The only way she seems to be able to give to others is through food, once she begins- which is already 1/3 of the book in. In Alyssa’s case, you follow along to see how cooking and food becomes an outlet for her to take the edge off, and is way for her to provide for those she cares about. She doesn’t spend much time talking about the flavors of food as much as the process  and care of cooking, and the enjoyment she sees when her friends are taken care of by the food. Food tells a story, or evokes emotions for her. Because of this, even when she is alone, she can find energy through food. This seems to be the prime intent of the book, and a fine subject to explore.
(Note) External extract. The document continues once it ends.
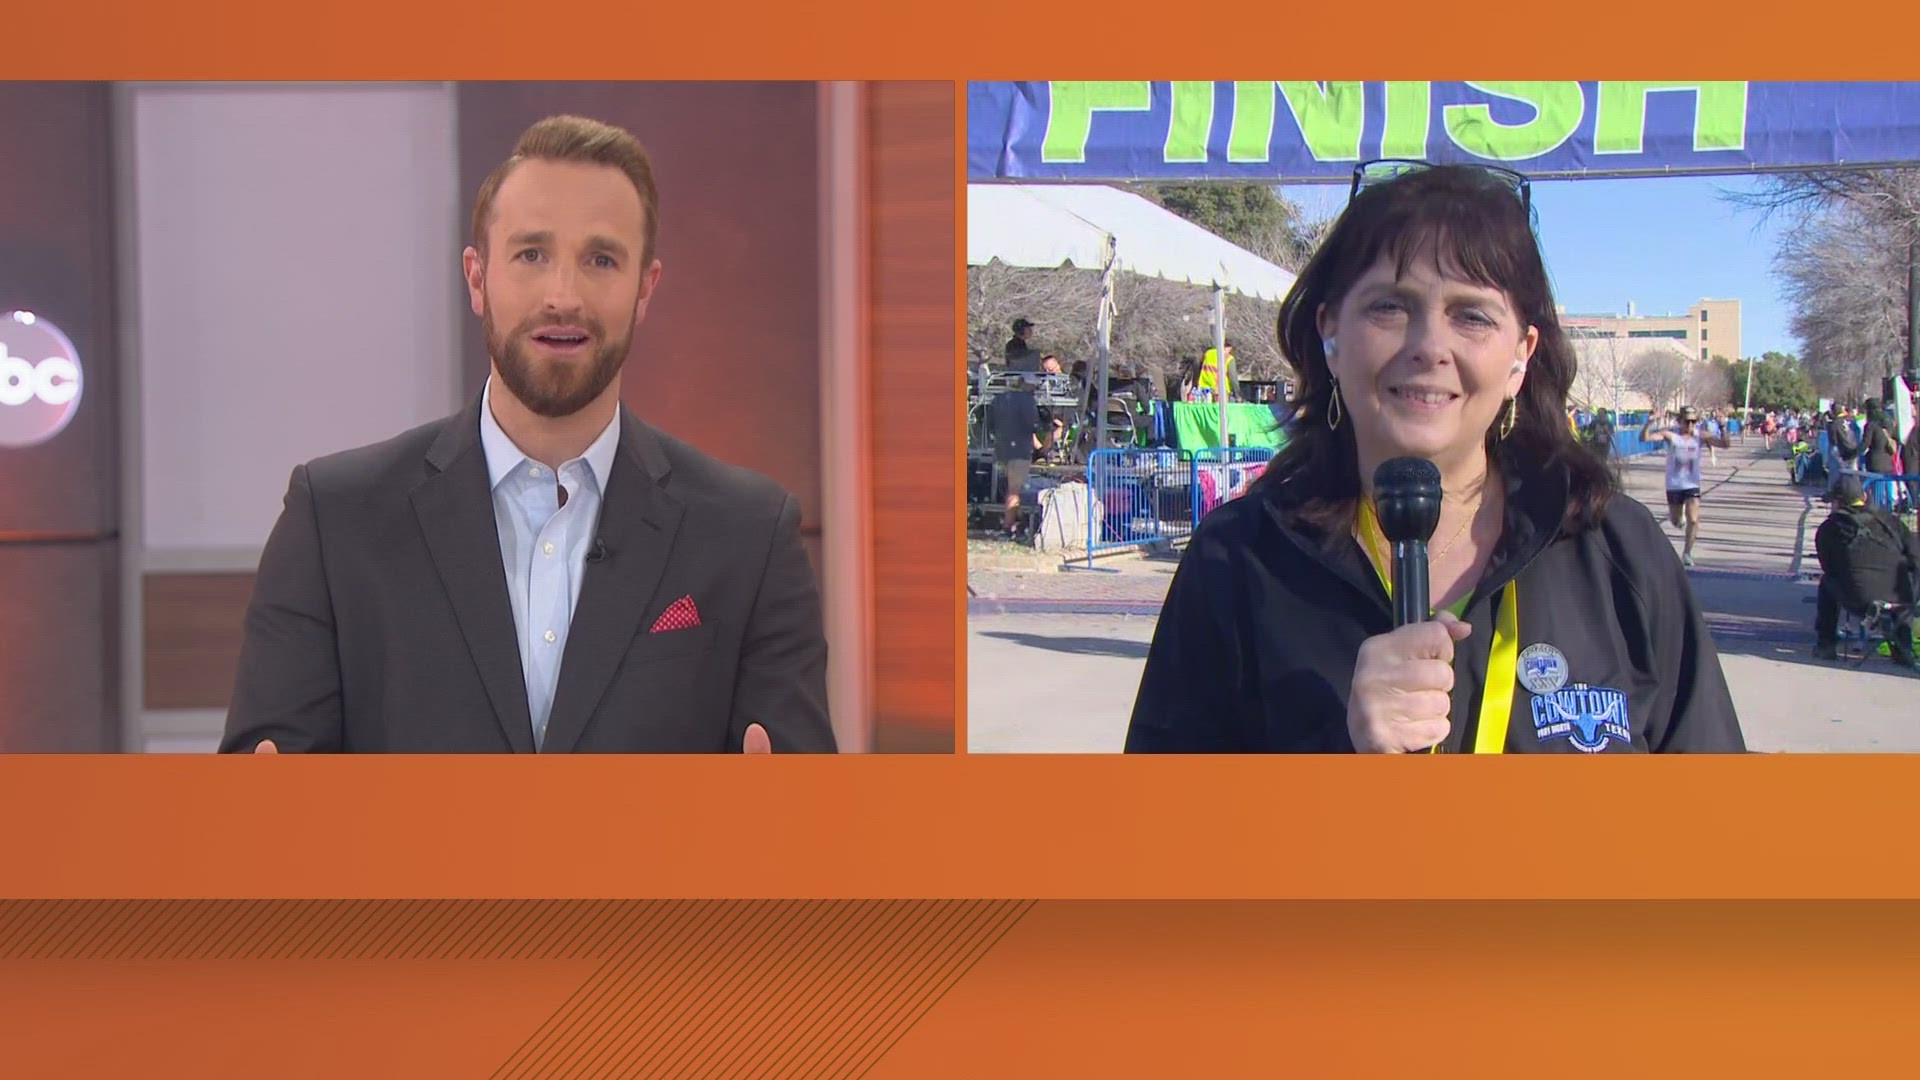 Heidi Schwartz joined WFAA live from the Cowtown Marathon in Fort Worth to share how the event makes an impact on Fort Worth.

The way she writes it though, there’s just a lot more of her than writing about food.

Apron Anxiety book cover

She is a maddening mess of totally un-relatable and relatable.
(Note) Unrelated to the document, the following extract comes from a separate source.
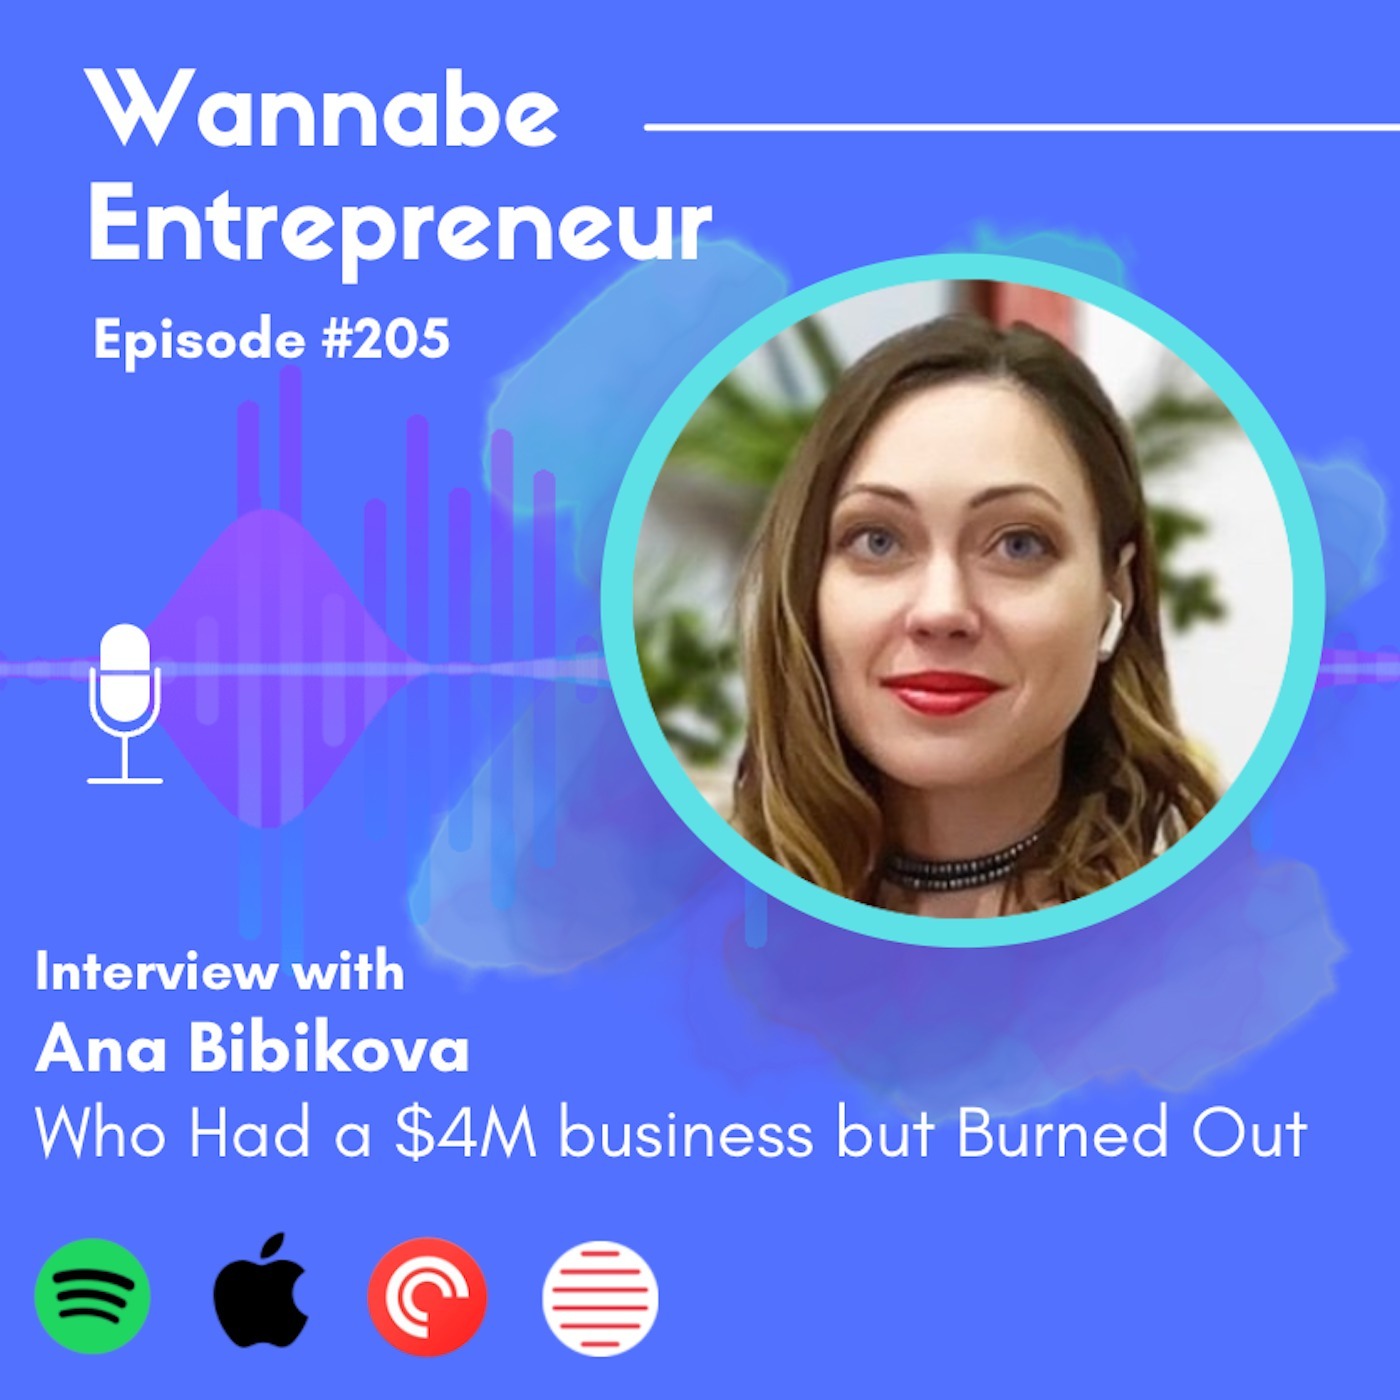 Interviewing Ana who Had a $4M business but Burned Out

In visiting a lot of dodgy dive-y cheap hole in the walls, she  writes “Our bills are always under thirty bucks; I am always too scared to use the bathroom””, but also admits that he opens her eyes to secret gems.

After ducking out of a NY food industry party and changing out of her Louboutins, she walks through the streets of the Village “looking for fresh air and maybe a falafel”.

For the first time she attempts a home-cooked meal, she writes a list in a fuchsia Sharpie, spends $200 and takes multiple selfies to text to Chef, and describes the drive with feeling “pretty cool pretending to be a home cook, with my important grocery list and Made In Brooklyn bag. The car windows are down, the National is playing, and my long, layered hair is pinned up just right. I look good in foodie.”

I can’t help but sometimes roll my eyes as she writes that her wishlist changed from Lanvin flats ($500-$900) to pizza stones and spoontulas or mentions she is walking into an event where her first Herve Leger bandage dress. But then I’m lured back into continuing to read as I laugh at how goofy and self depreciating she can be as she admits into walking into a glass door, undershooting the distance between a car and a wall, or thinking about Madonna as she targets her upper arm muscles while whisking. She also talks about cheese many times.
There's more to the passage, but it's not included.